4.4.  Gedaagden worden hierin niet gevolgd. De rechtbank wil, desnoods veronderstellenderwijs, wel aannemen dat het op het moment van uitgave van de folder niet normaal was om een werktemperatuur voor drinkwaterinstallaties te hanteren die hoger was dan 70o C. De redenen daarvoor waren, zo begrijpt de rechtbank, dat er bij hogere temperaturen risico’s bestaan op verbranding bij de gebruiker, opwarming van schachten en plafonds en daarmee van de koudwaterleidingen, gevaar van kalkafzetting en milieu-overwegingen. Uit het enkele feit dat het om deze redenen, die buiten de technische specificaties van de Unipipe buizen lagen, niet gebruikelijk was om hogere temperaturen te hanteren dan 70o C, kan echter niet worden afgeleid dat de professionele installateur, dan wel andere gebruikers van de folder, behoorden te begrijpen dat de Unipipe buizen geen hogere temperatuur dan 70o C zouden kunnen weerstaan bij toepassing in een ringleiding van een drinkwaterinstallatie. In de folder worden de specificaties immers zonder enige terughoudendheid vermeld. Daarbij staat er in die folder, in deels vetgedrukte letters: “Unicor biedt de professionele installateur de nieuwe meerlagenbuis aan: één buis voor alle toepassingen, of het om sanitair, radiatoraansluitingen of vloerverwarming gaat.” Enkele pagina’s verderop: “Eén systeem voor alle toepassingen. Belastbaarheid Max constante werktemperatuur 95o C. Max. kortstondige werktemperatuur 110o C. (…).” Op die pagina is ook een verouderingsdiagram weergegeven, waaruit lijkt te volgen dat de pijpen zeker 50 jaar mee kunnen. Dat wordt enkele pagina’s verder ook bevestigd met de tekst: “Duurzaamheidstesten worden uitgevoerd om de levensduur van de UNIPIPE te garanderen. Deze testen geven de garantie dat er na 50 jaar nog voldoende zekerheid is voor het probleemloos functioneren.” Hiermee wordt zonder meer de indruk gewekt dat de buis, in welke toepassing dan ook, een maximale constante werktemperatuur kan hebben van 95o C, te meer daar ook een maximale kortstondige werktemperatuur wordt vermeld van maar liefst 110o C.

4.5.  De enige ‘slag om de arm’ is de opmerking, naast het verouderingsdiagram: “De technische goedkeuringen hangen af van de staat van ontwikkeling en test. Gedetailleerde info van verschillende instituten zijn op aanvraag verkrijgbaar.”. Dat is echter niet voldoende duidelijk.
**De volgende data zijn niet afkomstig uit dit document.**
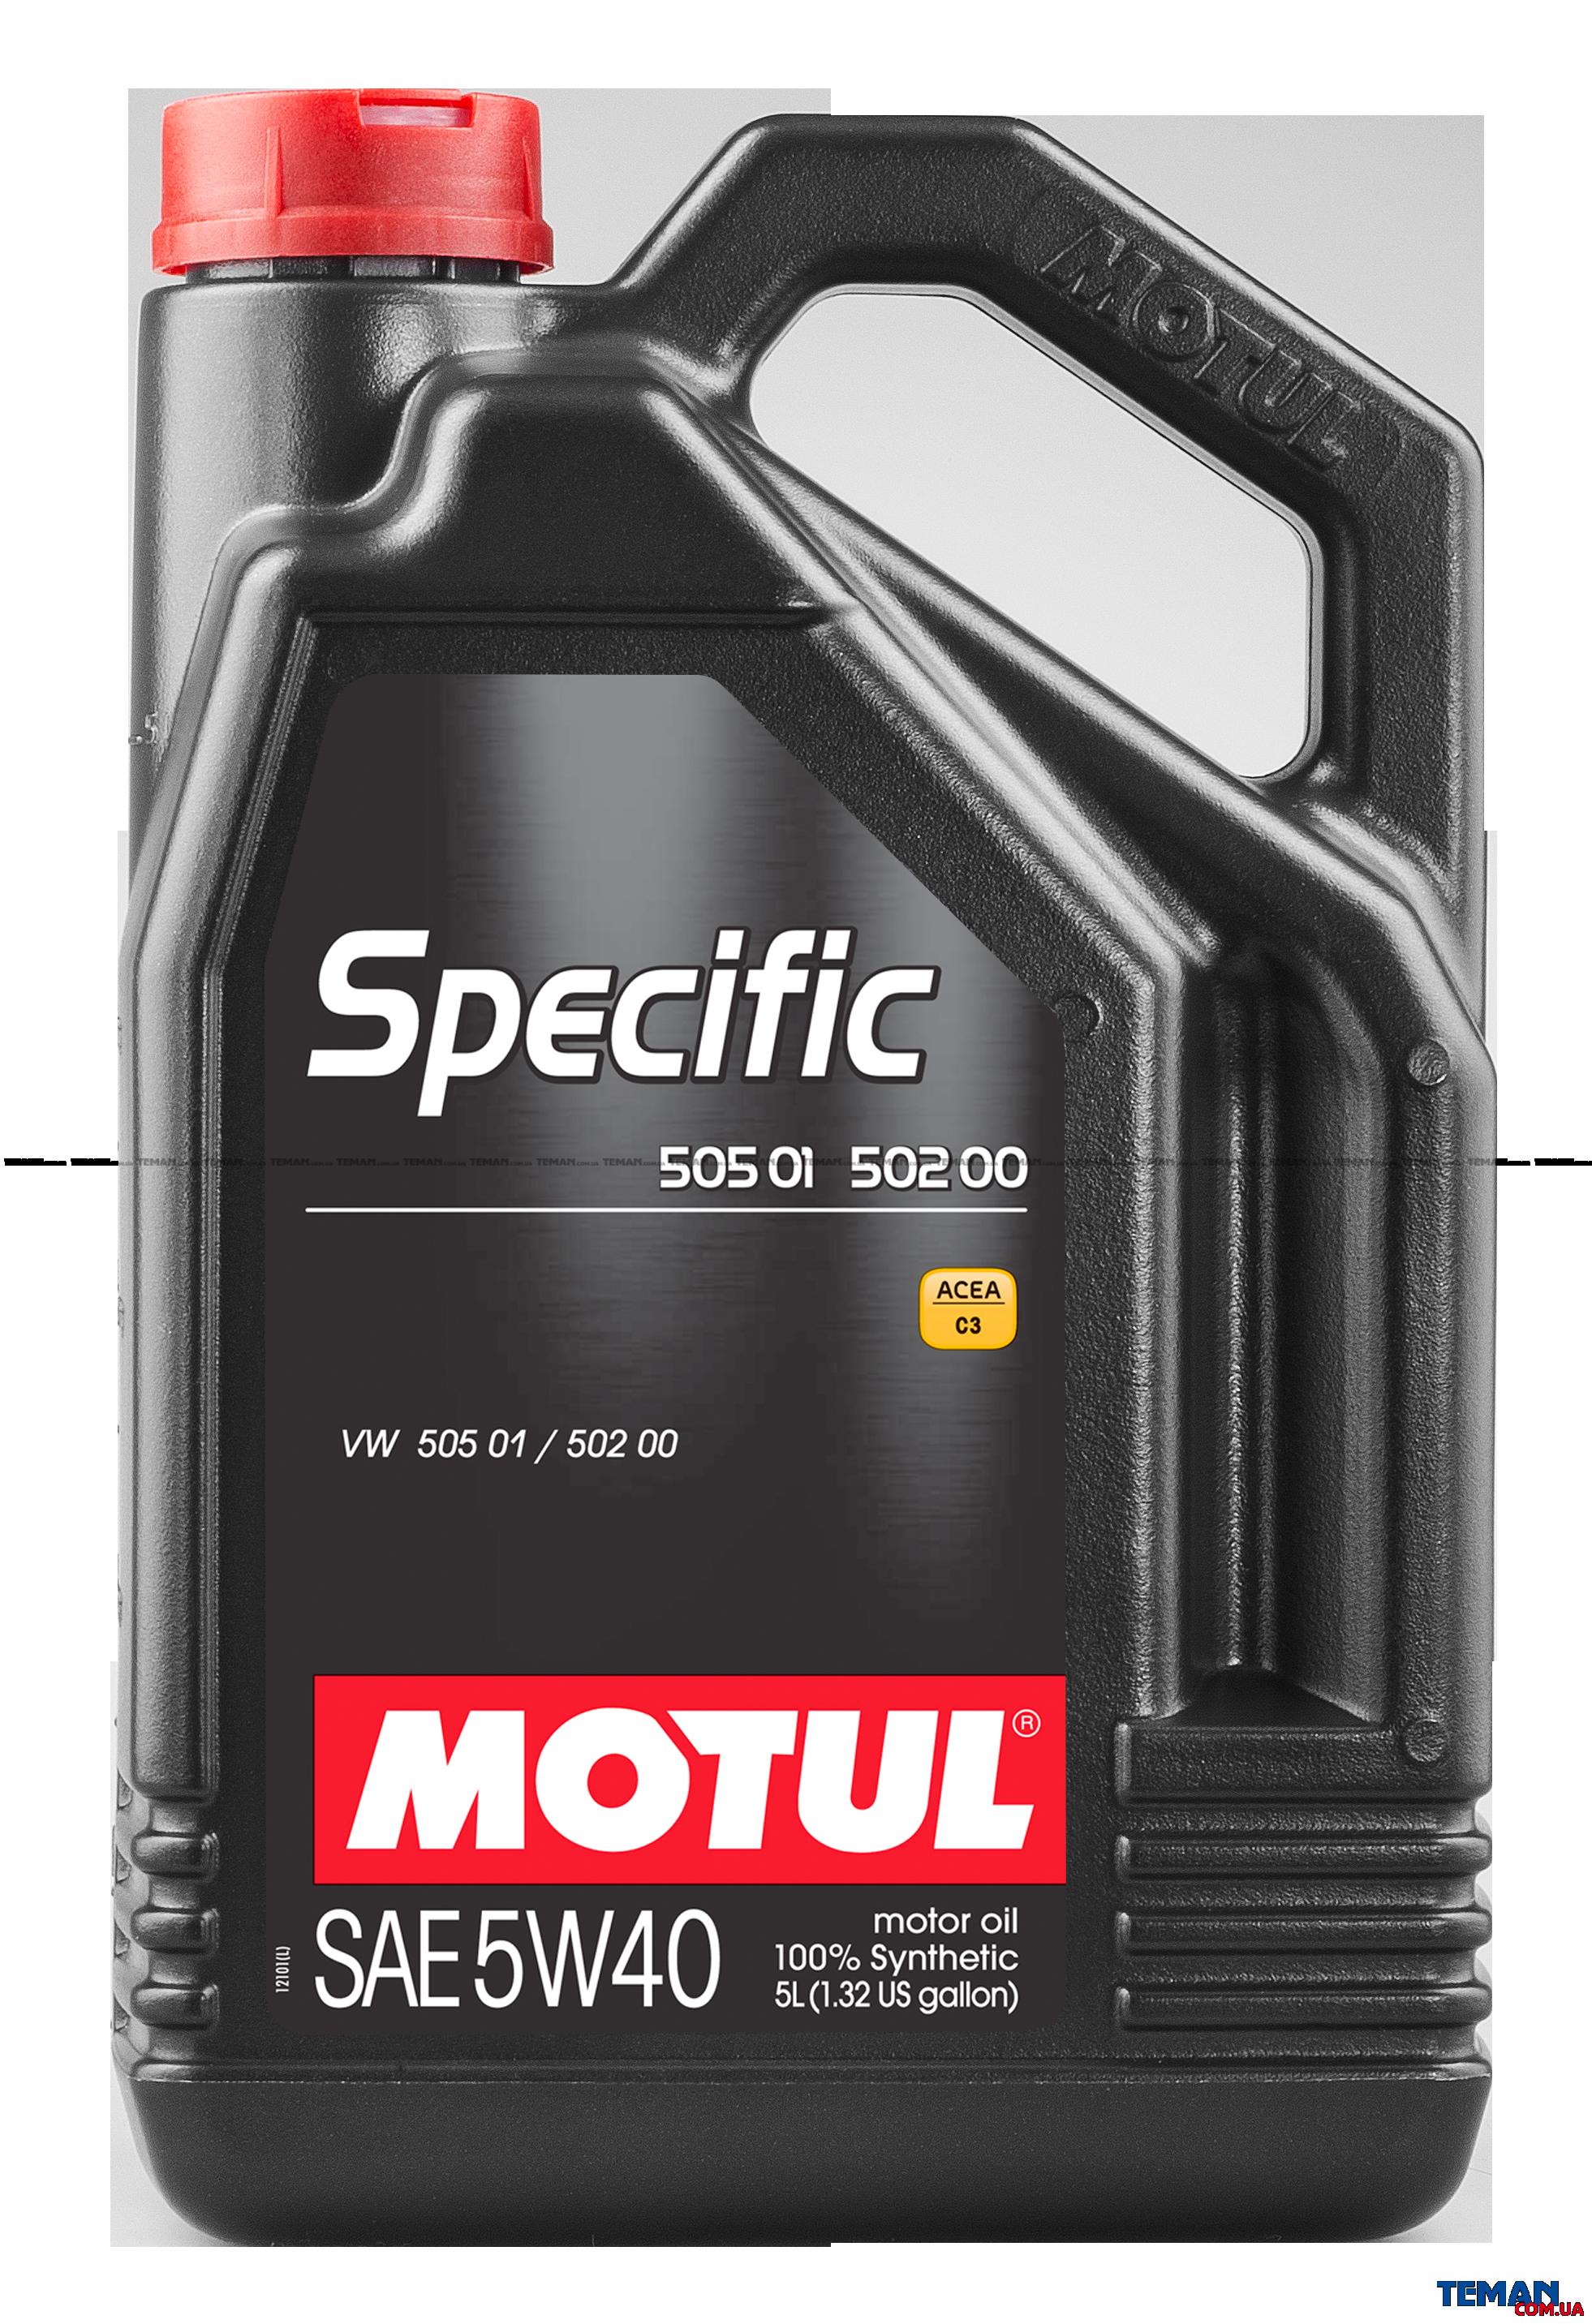 Синтетическое моторное масло SPECIFIC 505 01 - 502 00, 5W-40, 5 л

Met name behoefde de gebruiker, ook de professionele gebruiker, daaruit niet te begrijpen dat de elders in de folder vermelde maximale constante werktemperatuur niet voor alle toepassingen zou opgaan. Daar komt nog het volgende bij. Tussen partijen staat wel vast dat in Nederland het Kiwa het instituut is dat dergelijke goedkeuringen verstrekt. Uit het Kiwa-certificaat van 1 januari 1998 blijkt dat de Unipipe buizen voor toepassing in leidingsystemen voor koud en warm drinkwater zijn goedgekeurd met de volgende opmerking: “Toepassing en gebruik: het leidingsysteem is van toepassing voor het transport van koud en verwarmd drinkwater met een bedrijfstemperatuur van maximaal 70o C en een toelaatbare werkdruk van maximaal 8,0 bar.” Daaruit kan worden afgeleid dat Kiwa het systeem heeft goedgekeurd voor een bedrijfstemperatuur van maximaal 70o C. Daaruit kan echter niet worden afgeleid dat het systeem ongeschikt zou zijn voor een temperatuur van meer dan 70o C. Indien juist zou zijn, zoals gedaagden stellen, dat het destijds niet gebruikelijk was om drinkwaterinstallaties te ontwerpen voor temperaturen hoger dan 70o C, kan uit het certificaat niet anders worden afgeleid dan dat het niet is onderzocht door Kiwa. Dan blijft overeind dat Unipipe op basis van eigen onderzoeken in haar folder zonder verdere slag om de arm heeft aangegeven dat een maximale constante werktemperatuur van 95o C mogelijk is. De rechtbank is al met al op grond van het voorgaande van oordeel dat die folder op dit punt misleidend is in de zin van artikel 6:194 sub a BW.

4.6.  Dat betekent dat er in beginsel sprake is van een onrechtmatige daad, die aan gedaagden moet worden toegerekend.

4.9.  Met inachtneming van het voorgaande is de rechtbank met gedaagden van oordeel dat onvoldoende aannemelijk is dat Vivantes haar keuze van de Unipipe-buizen (mede) heeft gebaseerd op de mededeling dat de buizen een constante werktemperatuur van maximaal 95o C konden verdragen. Vivantes werd destijds, bij ontwerp en bouw van de verzorgingstehuizen, bijgestaan door tal van professionele adviseurs.

4.10.  Dan rijst de vraag of de beslissing om de temperatuur te verhogen, op het moment dat de legionellaproblematiek zich voordeed en Vivantes besloot tot verhoging van de aanvangstemperatuur, (mede) is gebaseerd op de mededeling dat de buizen een constante werktemperatuur van maximaal 95o C konden hebben. Vast staat dat gedaagden Vivantes op 21 oktober 2005 hebben gewaarschuwd dat de temperatuur niet moest worden verhoogd boven de 70o C en dat de legionellaproblematiek moest worden ondervangen door een adequate inregeling van het systeem. In dat licht is de beslissing – in 2006 – om de temperaturen desondanks te verhogen niet het gevolg van de mededelingen in de folder, aangezien Vivantes en haar bouwkundige partners door de bespreking van 21 oktober 2005 al bekend waren met het feit dat volgens gedaagden de aanvoertemperatuur niet boven de 70o C moest worden ingesteld.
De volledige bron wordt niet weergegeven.